Video documentary about history of Sacred Assurance.
Sacred assurance started in 1831 when Ethelbert Edgar began a funeral home business in an area that would later become Ellijay, Georgia. Business was booming during the first five years of operation, taking advantage of the constant defeats as early settlers experienced in squeezing cow utters attempted to out maneuver trained warriors of the Cherokee nation. The settlers had successfully got the Cherokee to sign a deal, trading the land for a jar of home-made sweet tea and a 10% off coupon to Bungalow Bill’s Big Boy emporium and day spa. The settlers had successfully gained the deal by dressing up as a Cherokee chief and signing the deal on their behalf, unbeknownst to the native nation. It caught the natives by surprise, but the legal documents held up in the United States Supreme Court, and citizens of Cherokee were forced to move to the suburbs of Oklahoma until further notice.
As business began to grow for Ethelbert, people jealous of the Sacred Assurance funeral home’s success began opening competing businesses, causing a saturation in the casualties market. Soon competition for corpses became so embattled that funeral home directors would go around spreading rumors about people in hopes of increasing business. This tactic worked so well, that Ellijay was nearly depopulated within two years.
Ethelbert, desperate and searching for answers on how he could save his faltering business, turned to God. As he sat in his pew, contemplating in prayer, the choir began singing a four part rendition of “My faith looks up to thee” while a basket was passed around for tithes and offerings. It was then that Ethelbert’s prayers were answered as he realized how he could save his business and become successful again. He realize people would give money for things they won’t receive until they are dead. It was then that the concept of life insurance policies was born.
At first the policies covered funeral expenses for services provided by the Sacred Assurance funeral home. To ensure the exorbitant rates for the policies was justified, Ethelbert raised rates at the funeral home to a financial level that was unreachable without some sort of dead body lay away program. He also offered a payout to widows upon the death of the policy holder, in which they would receive two chickens, a pot roast, and 3 scratch off tickets potentially worth $300,000 each, which was a lot of money back then.
The life insurance policies were an overnight sensation.
As word spread about Ethelbert’s revolutionary idea, he began offering insurance policies covering all sorts of things.
|1853 commercial for party insurance.|
Sacred Assurance’s business model had an added benefit, as many policy holders were unable to verify claims, having been dead and all, leaving many policies unable to be paid out. This created a windfall gain for Ethelbert, since these technicalities allowed Sacred Assurance to keep all the money without having to do anything for it.
In 1863, as the civil war waged across the south, Ethelbert converted one of his manor houses into a hospital for wounded confederate soldiers. After the war ended, no one wanted to buy a house that had been used as a civil war hospital for fear of it being haunted, so Ethelbert decided to leave it as is, and the first Sacred Assurance hospital was officially established. Sacred Assurance hospital continued to grow, and by 1963 had developed into a successful franchise of hospitals, nursing homes, and even some health care facilities, while still offering the same quality of services and medical advancements as it did when it first started one hundred and fifty years ago.
It was on the night of April 15th 1878 at the age of 75 the world lost Ethelbert Edgar, Sacred Assurance’s founder, to what is believed to be a ruptured spleen. Ethelbert’s last words were “no, God no, please don’t take me to one of my own hospitals. Anywhere but there, I beg you.”
After Ethelbert’s death, the company was then given to his two sons, Ephram and Euclid Edgar. Ephrem handled the operations of the hospitals and nursing homes, while Euclid handled the insurance policies.

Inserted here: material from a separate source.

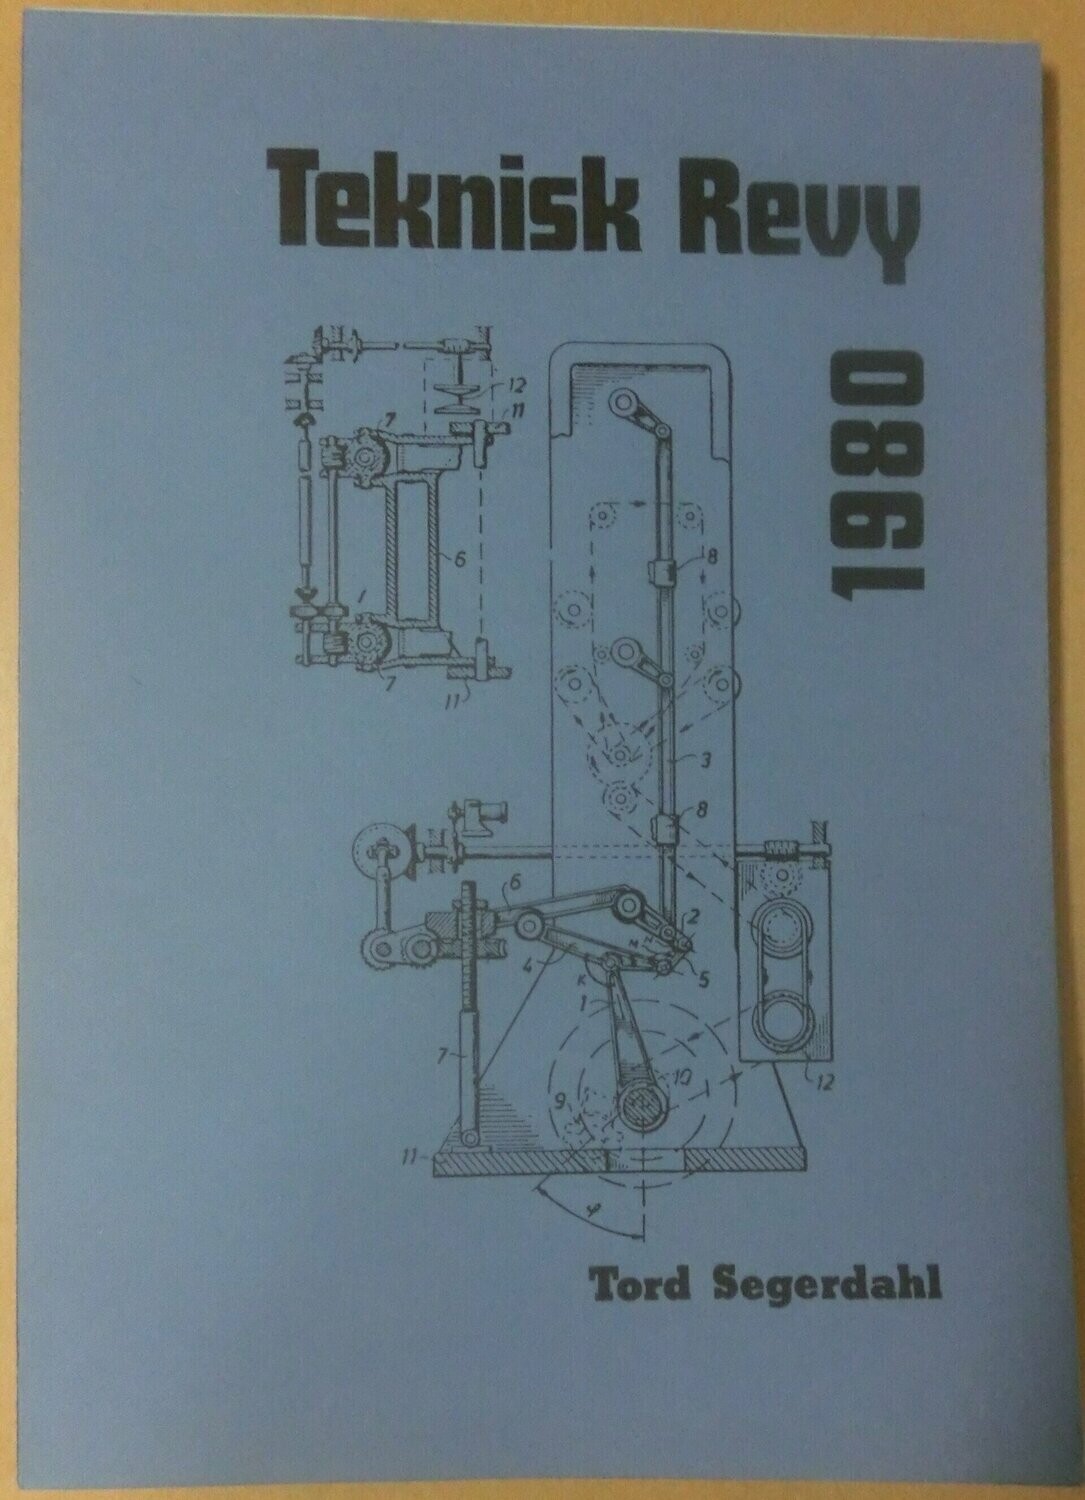 Teknisk revy 1980

The great depression created a lot of strain on Sacred Assurance, as policies began lapsing and hospital stays were unaffordable. The Edgar brothers were forced to resort to only eating a 5 course meal instead of their typical 8. To position the company though this time, Euclid made a decision to consolidate all financial assets of the company and began purchasing real-estate that had been foreclosed from unfortunate families that were devastated by the great depression.
Euclid business acumen proved successful, not only saving the company but creating what would later become Sacred Assurance financial, offering mortgages, reverse mortgages, reverse reverse mortgages, and also double dip turn and trip put your thing down flip it and reverse mortgages.

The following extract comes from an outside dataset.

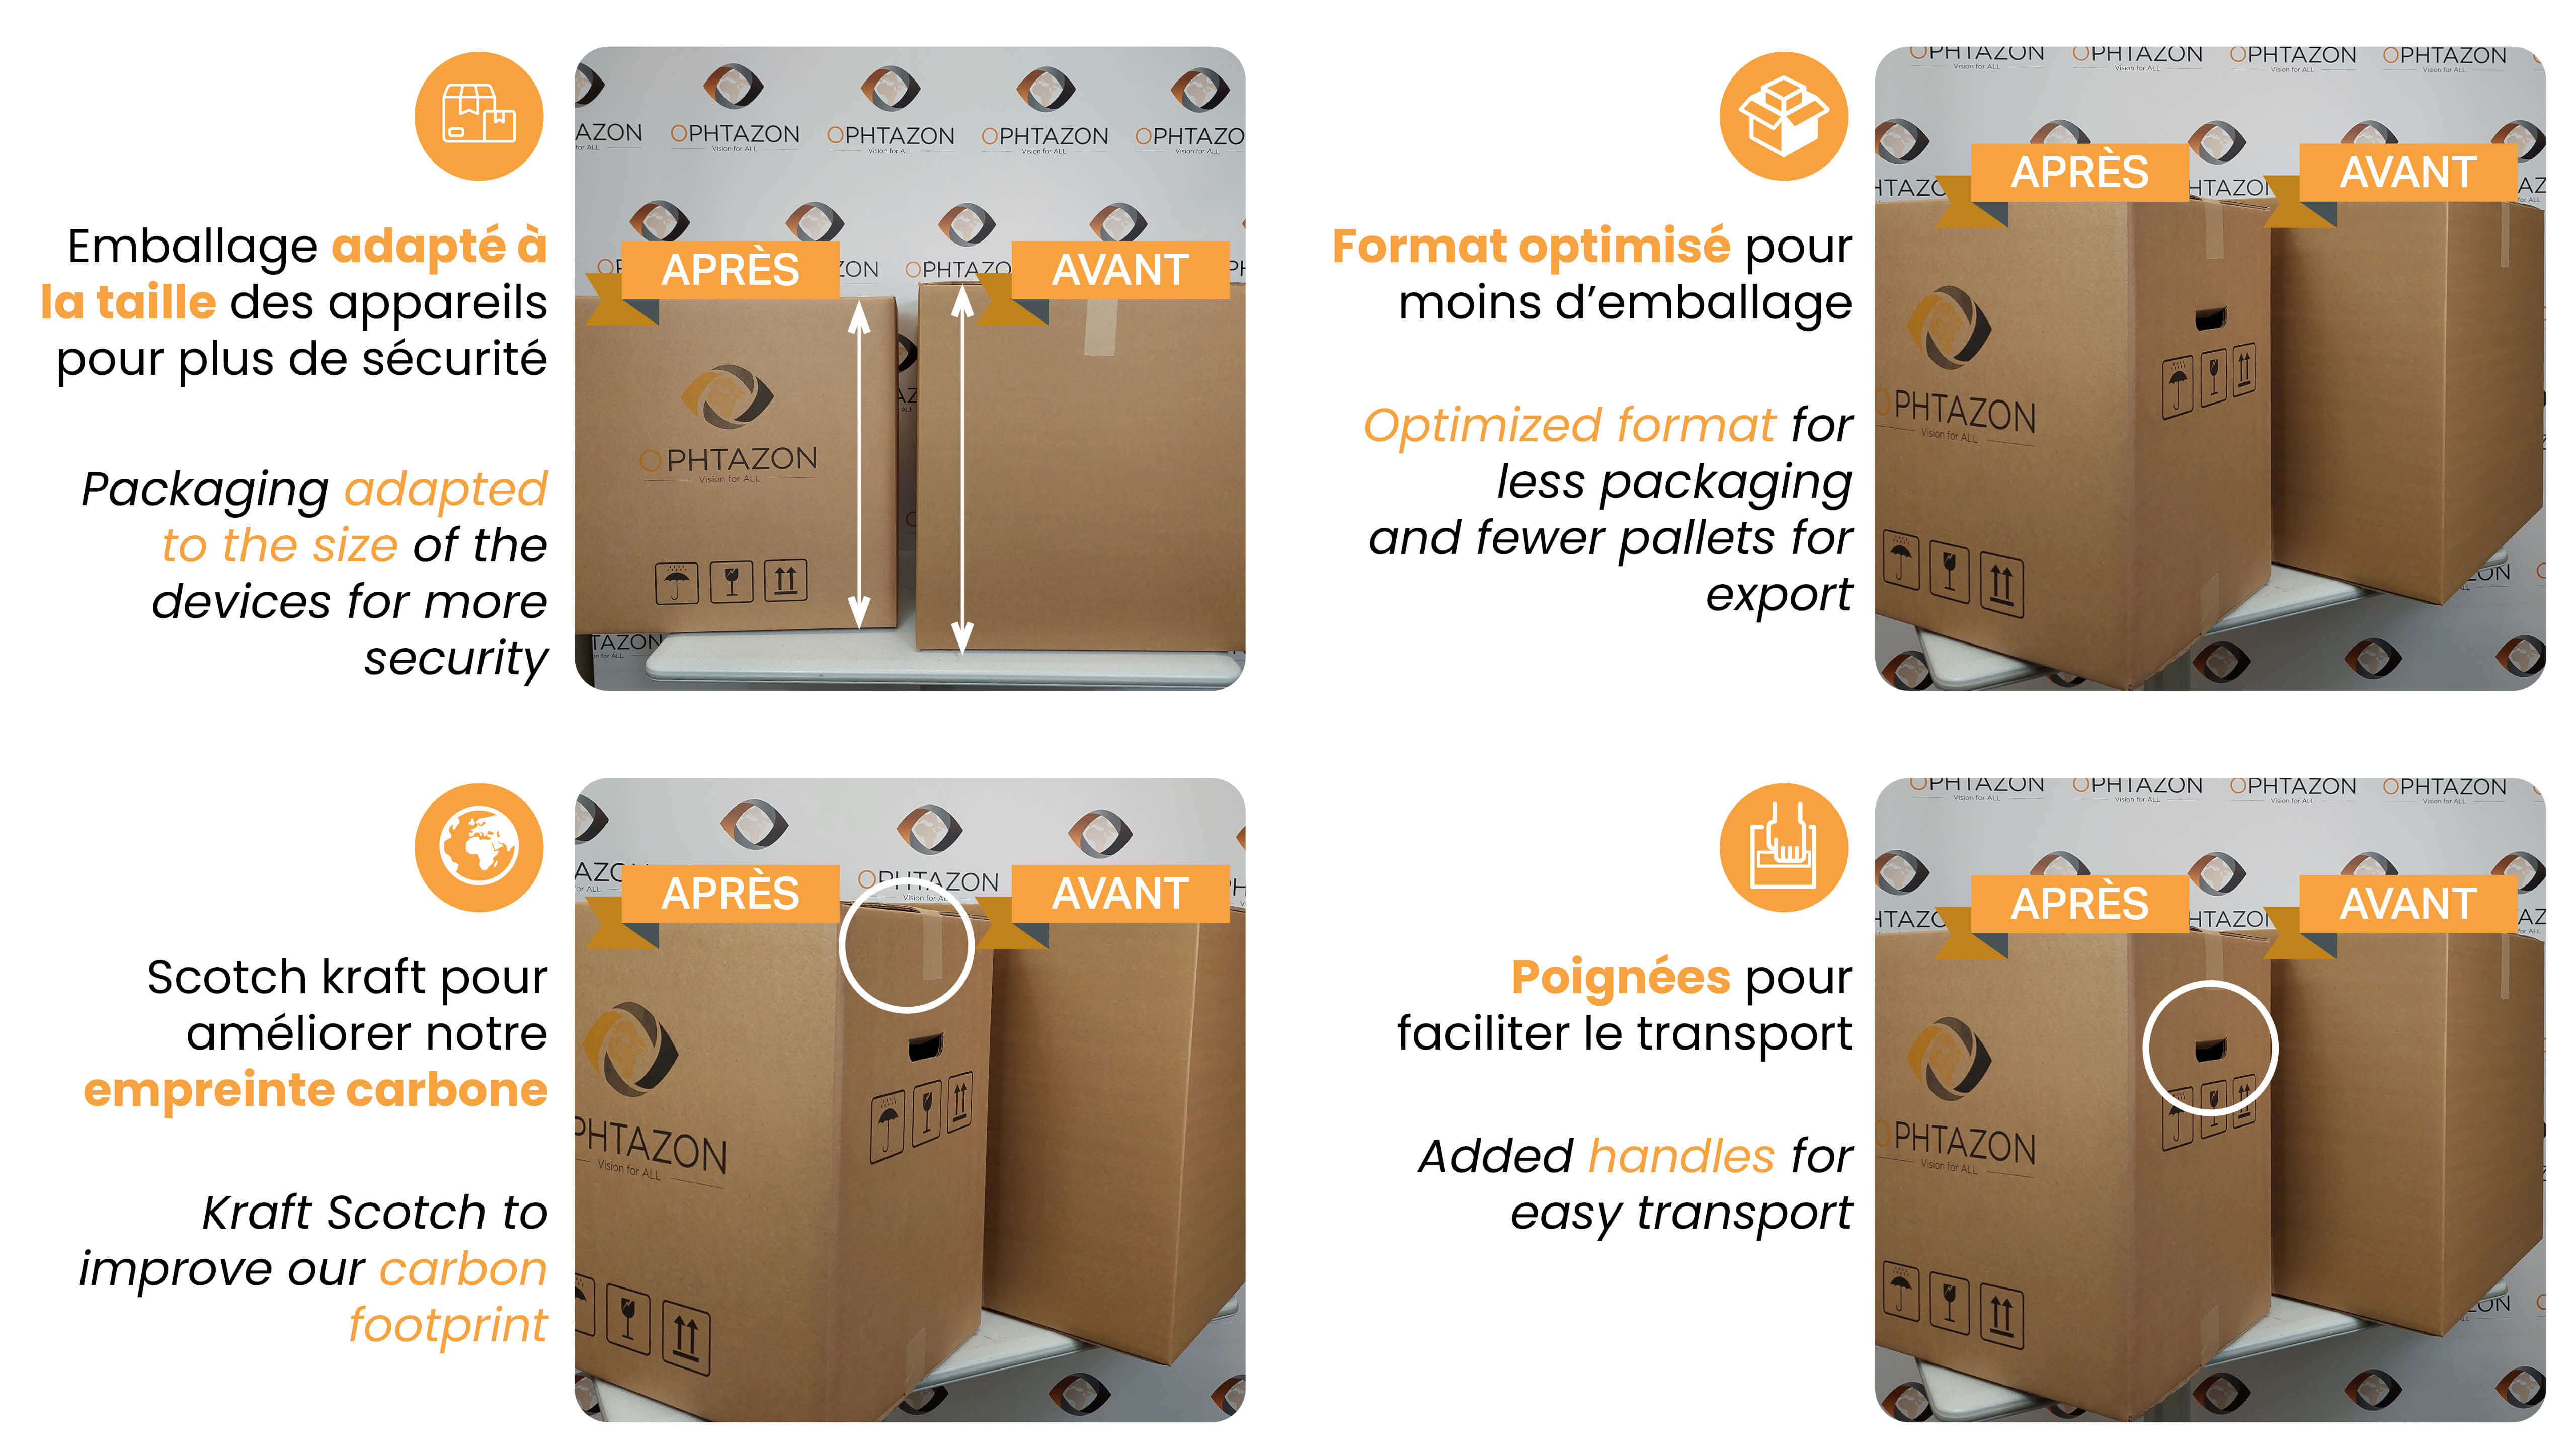 Évolution du packaging OPHTAZON

Unfortunately, Euclid would not see the success his efforts would bring. In 1936 both he and his brother Ephrem died tragically in an accident when the breaks on their Cadillac failed and they collided with a fertilizer truck.

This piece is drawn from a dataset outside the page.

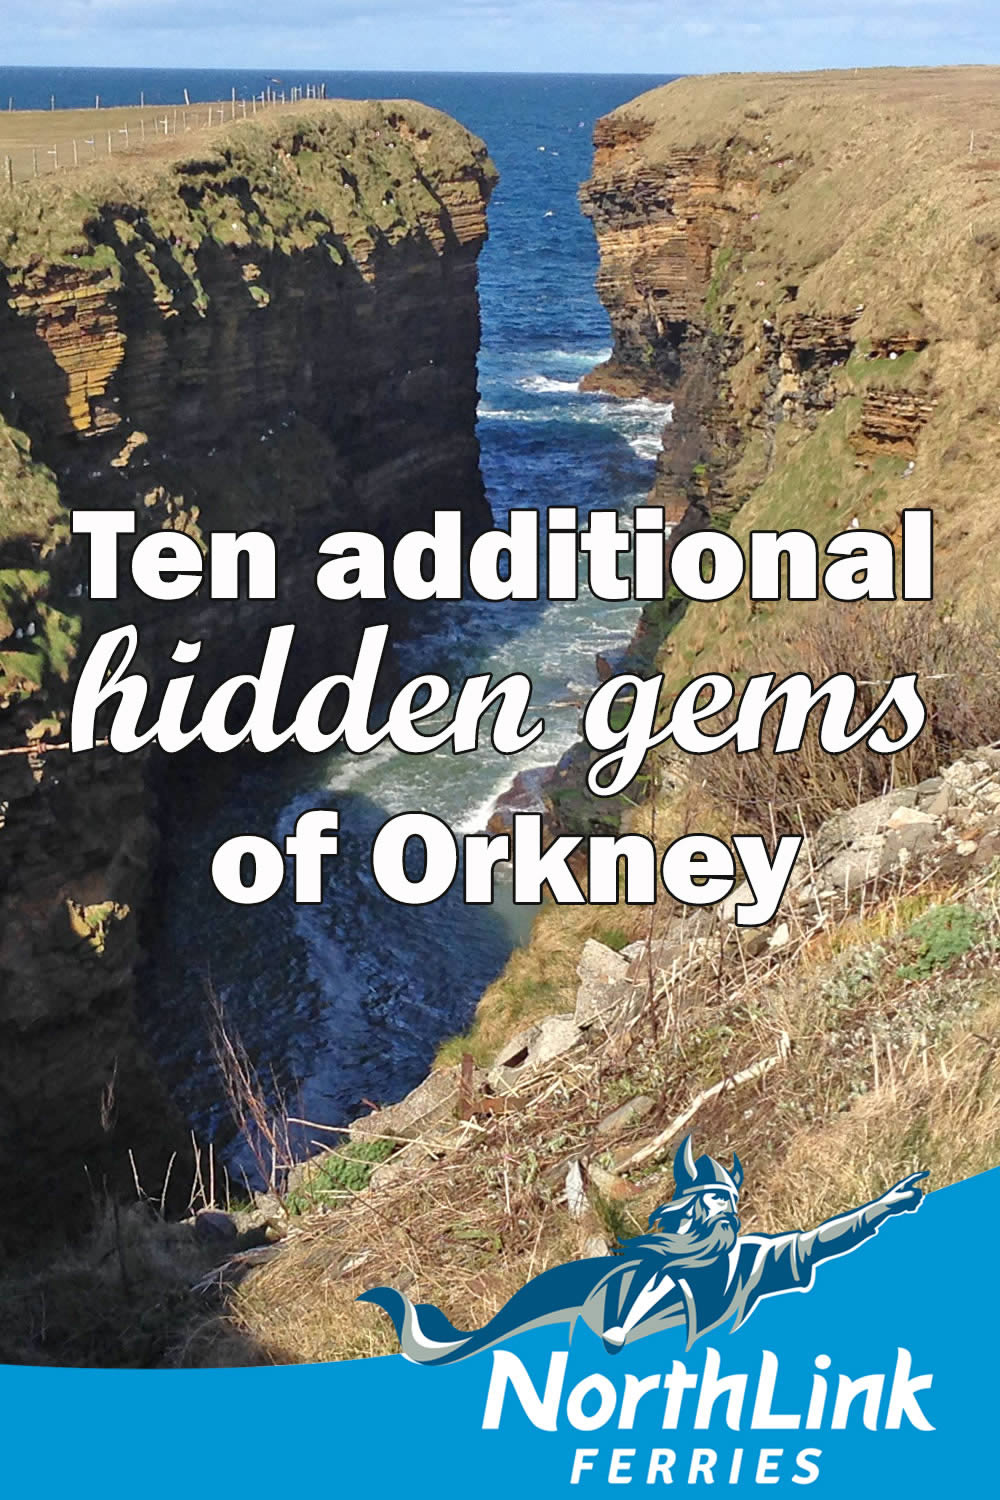 Ten additional hidden gems of Orkney

The company once again changed hands, this time to the only living heir, the brother’s 3rd cousin Ehrlich Von Edgar III of Germany.
In 1945 Sacred Assurance acquired the assets of German pharmaceutical company Schmerzen & Leiden.
Today Sacred Assurance is the world’s largest corporation for taking advance of people’s desperation. From the sick, elderly, or homeless, we find ways to maximize out profits to continue to be a company you know and have heard of.